DELİLLERİN DEĞERLENDİRİLMESİ VE GEREKÇE:
Talep; ihtiyati tedbir kararına itiraz istemine ilişkindir.
Mahkemece; ihtiyati tedbir kararına itirazın kısmen kabulüne karar verilmiş olup, karar ihtiyati tedbir talep eden/davacı vekili tarafından istinaf edilmiştir.
İhtiyati tedbir talep edenin istinaf başvurusunun mahkemece hükmedilen teminata ilişkin bulunduğu anlaşılmaktadır.
28/07/2020 tarihli Resmi Gazetede yayınlanan 7251 sayılı yasanın 34. maddesi ile değişik 6100 sayılı HMK’nun 341/1.maddesinde ““(1) İlk derece mahkemelerinin aşağıdaki kararlarına karşı istinaf yoluna başvurulabilir:
a) Nihai kararlar.
b) İhtiyati tedbir ve ihtiyati haciz taleplerinin reddi kararları, karşı tarafın yüzüne karşı verilen ihtiyati tedbir ve ihtiyati haciz kararları, karşı tarafın yokluğunda verilen ihtiyati tedbir ve ihtiyati haciz kararlarına karşı yapılan itiraz üzerine verilen kararlar.” hükmüne yer verilmiştir.
Aynı Yasanın 346/1. maddesi gereğince “İstinaf dilekçesi kesin olan bir karara ilişkin olursa, kararı veren mahkeme istinaf dilekçesinin reddine karar verir ve ret kararını kendiliğinden ilgiliye tebliğ eder. Bu ret kararına karşı tebliği tarihinden itibaren bir hafta içinde istinaf kanun yoluna başvurulabilir. (HMK 346/2 fıkrası)

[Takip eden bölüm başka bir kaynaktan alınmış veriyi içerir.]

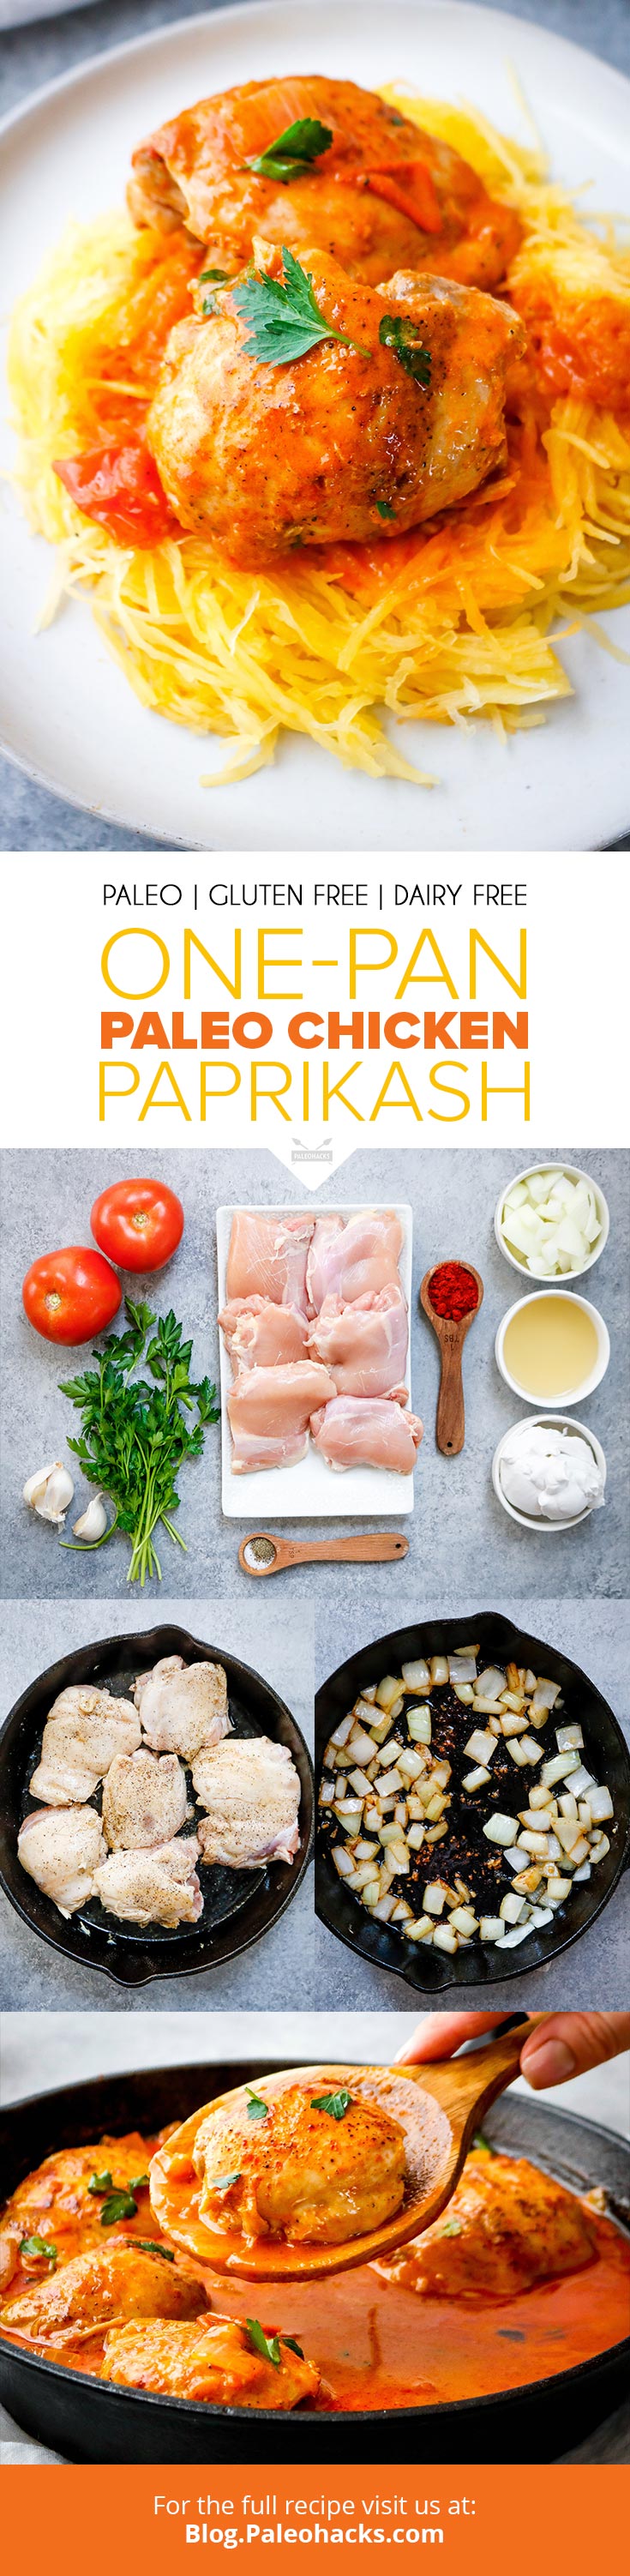 Cook up a fragrant, one-pan dinner with tender chicken smothered in a creamy paprika sauce filled with healthy fats. Chicken this good deserves a medal!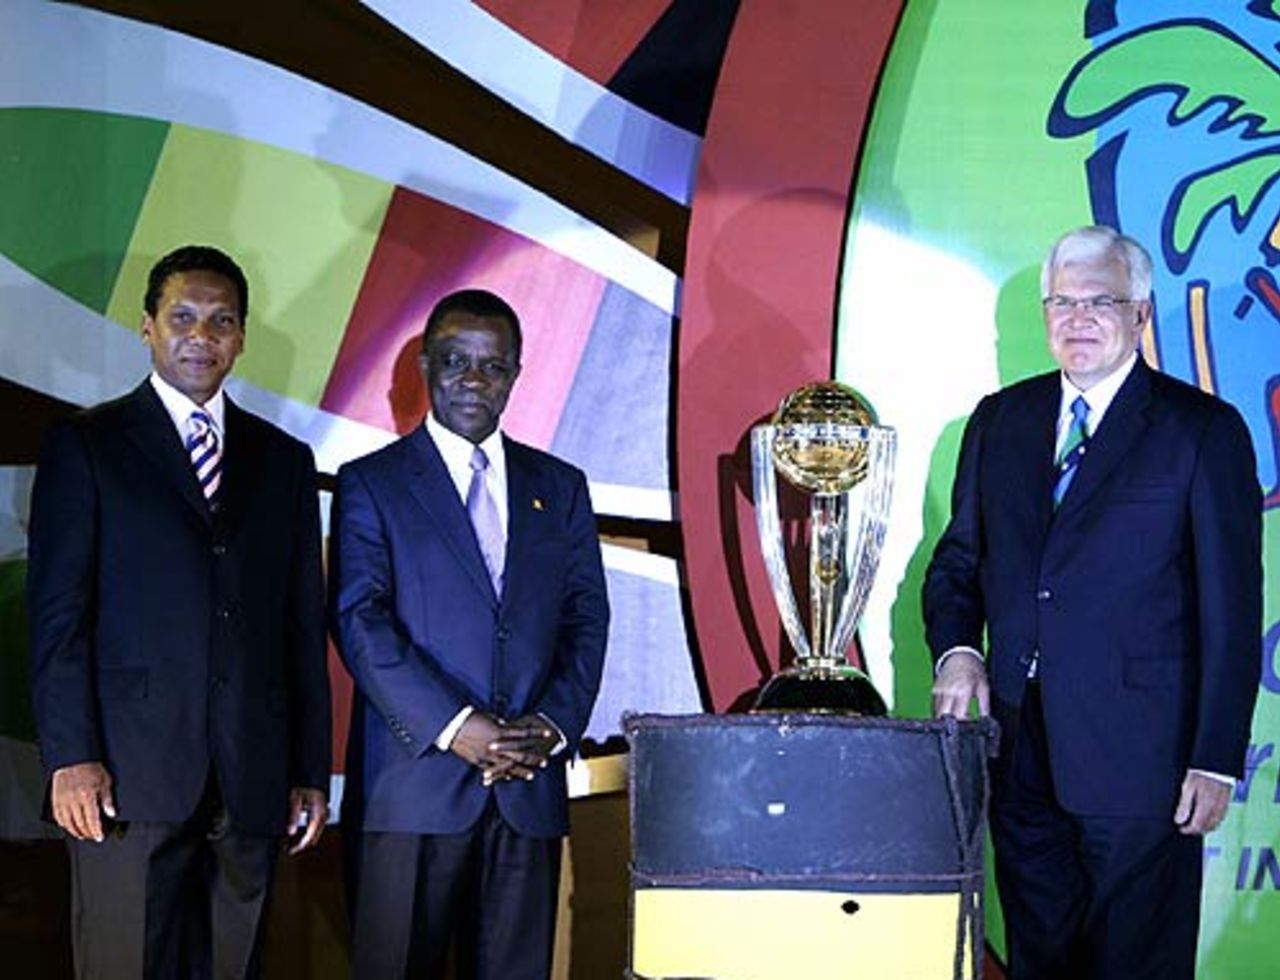 Malcolm Speed, Chris Dehring, the Cricket World Cup chief executive, and Keith Mitchell, the prime minister of Grenada, pose with the World Cup 2007 trophy , New Delhi, July 27, 2006

Somut olayda; mahkemece ihtiyati tedbir kararına itirazın kısmen kabulü ile dava değerinin %10’una tekabül eden 400.000 TL nakit veya müddetsiz bir banka (kesin) teminat mektubunun ibrazı halinde devamına karar verildiği, ihtiyati tedbir isteyen vekilinin tedbir kararındaki % 10 teminat yönünden istinafa geldiği, ancak ortada 6100 sayılı HMK’nın 341/1 maddesi anlamında istinafı kabil bir karar bulunmadığı anlaşılmakla, istinaf talep eden ihtiyati tedbir isteyen/davacı vekilinin istinaf başvurusunun usulden reddine karar verilerek aşağıdaki şekilde hüküm kurmak gerekmiştir.
Açıklanan nedenlerle; niteliği itibariyle kesin olan mahkeme kararlarına karşı istinaf kanun yoluna başvurulamayacağından, ihtiyati tedbir isteyen/davacı vekilinin istinaf başvurusunun usulden reddine karar verilerek aşağıdaki şekilde hüküm kurulmuştur.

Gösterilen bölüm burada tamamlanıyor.